#### INSTRUCTIONS FOR THE TASK:
The records below are to be set down word for word, with every picture left out.

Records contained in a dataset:
--------------------
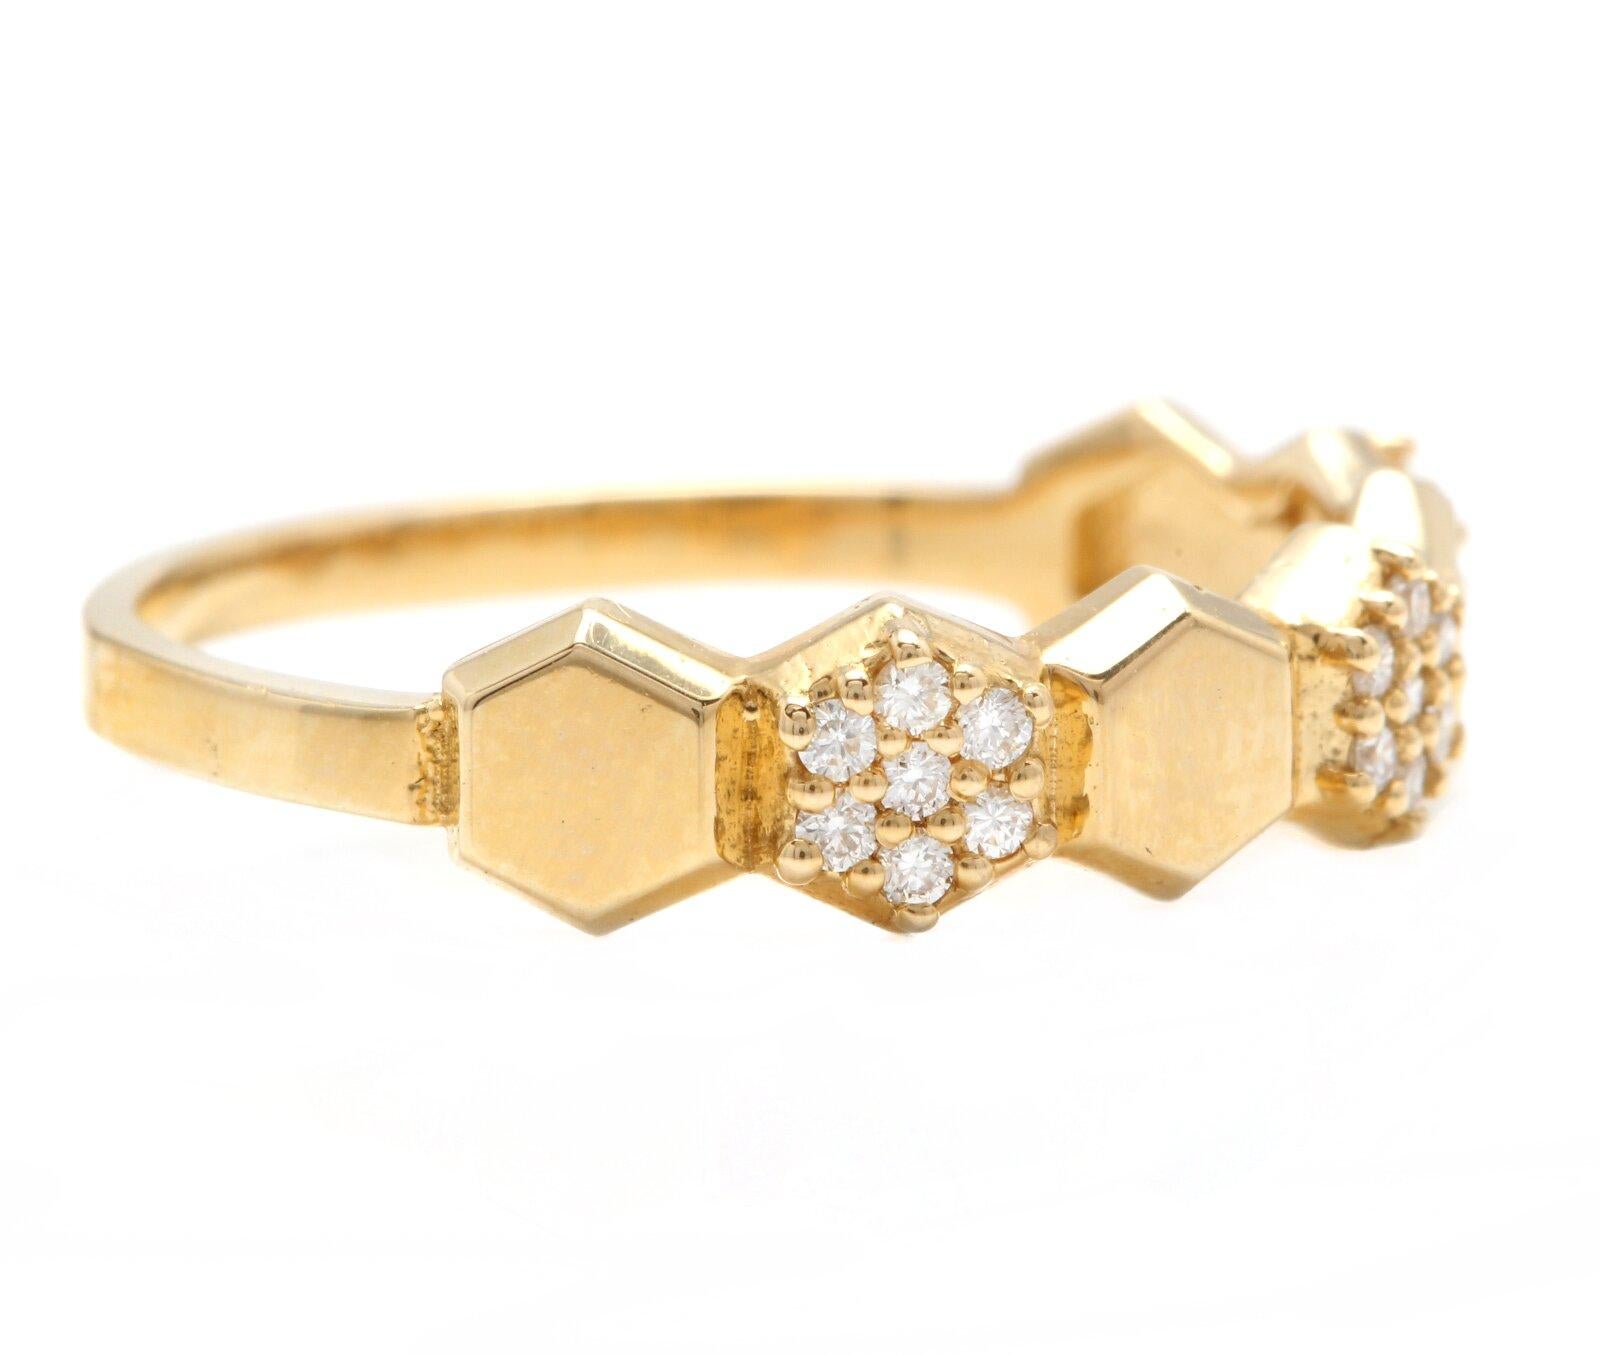 Superb 0.20 Carats Natural Diamond 14K Solid Yellow Gold Ring

Suggested Replacement Value: Approx. $1,300.00

Stamped: 14K

Total Natural Round Cut Diamonds Weight: Approx. 0.20 Carats (color G-H / Clarity SI1-SI2)

The width of the ring is:
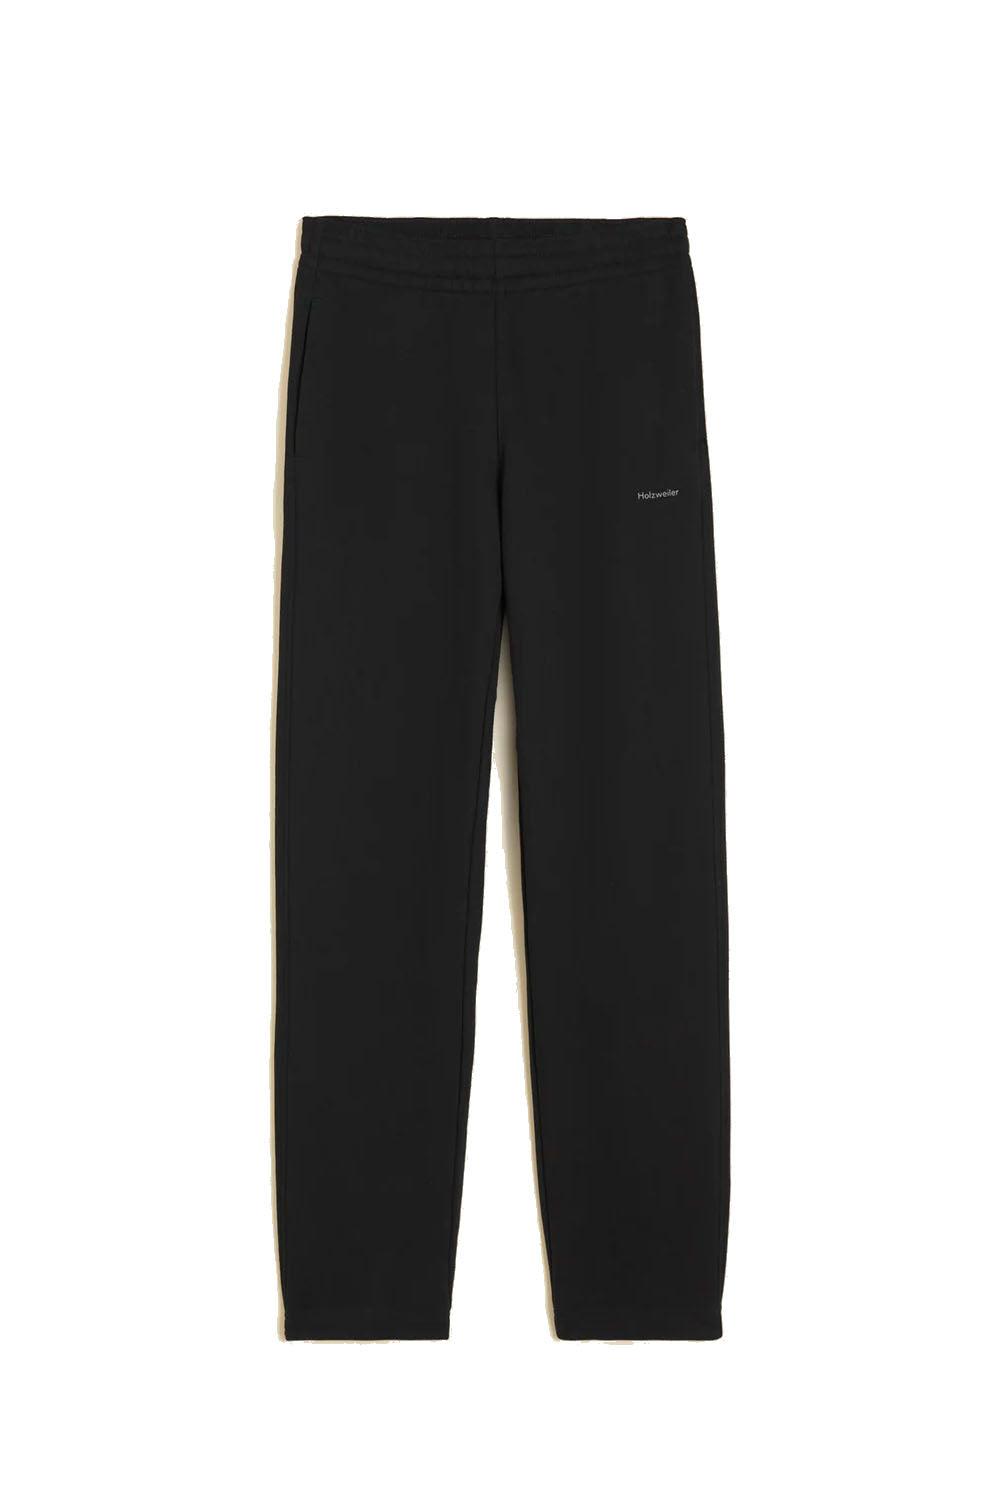 W. Relaxed Sweatpants Black
--------------------
#### SOLUTION:
 Superb 0.20 Carats Natural Diamond 14K Solid Yellow Gold Ring

Suggested Replacement Value: Approx. $1,300.00

Stamped: 14K

Total Natural Round Cut Diamonds Weight: Approx. 0.20 Carats (color G-H / Clarity SI1-SI2)

The width of the ring is:
 W. Relaxed Sweatpants Black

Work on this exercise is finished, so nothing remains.